1.3 Topography and Our National Parks

How did Yosemite inspire the institution of the National Park System?

Step 1: Go to the ArcGIS Online map, Topography and Our National Heritage, and explore the map. Investigate the pins that show on the map.

As urbanization increases, many argue that we need natural areas for preserving the natural ecology, for rest and relaxation, and for reconnecting to global systems. These areas can remind us to live more sustainably.

  • What do the smooth brownish parallel lines around the map represent?
  • What do the blue squiggly lines represent?
  • The most visible landform on the map is a valley, where the elevation numbers get smaller toward the Merced River. (T/F)

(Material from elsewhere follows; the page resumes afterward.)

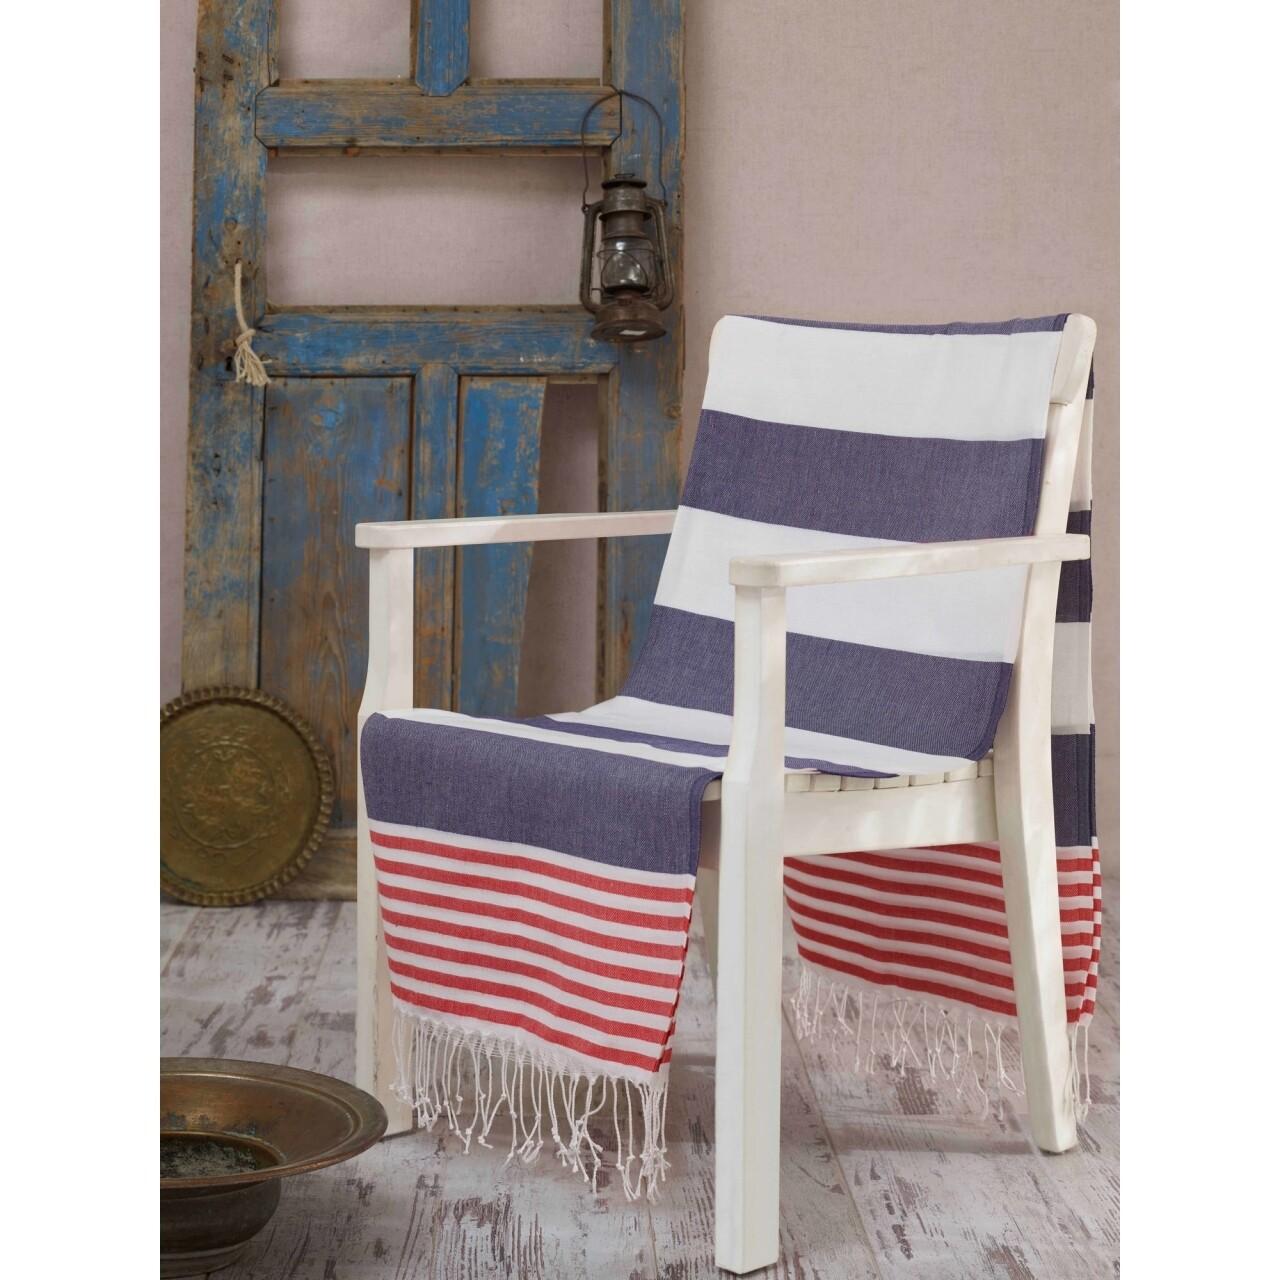 Prosop de plaja pestemal Antalya Blue, 100 x 180 cm, alb/albastru/rosu

What do the brown topo lines tell us about the landscape?

Step 2: Click the button, bookmarks, and select Half Dome.

Topo lines rarely ever touch or cross That is because each line is a different elevation. That means no point can be two different elevations. The only rare exceptions are cliffs or overhangs. Half Dome is a large and steep-sided hill referred to as a mountain.

  • What patterns do topo lines make around hills and mountains?

When you get to the edge, what does it look like?

Step 3: Click the button, Bookmarks, and select El Capitan.

  • What is the pattern of topo lines for very steep areas like this cliff?

Step 4: Click the button, Bookmarks, and select Camp Ground.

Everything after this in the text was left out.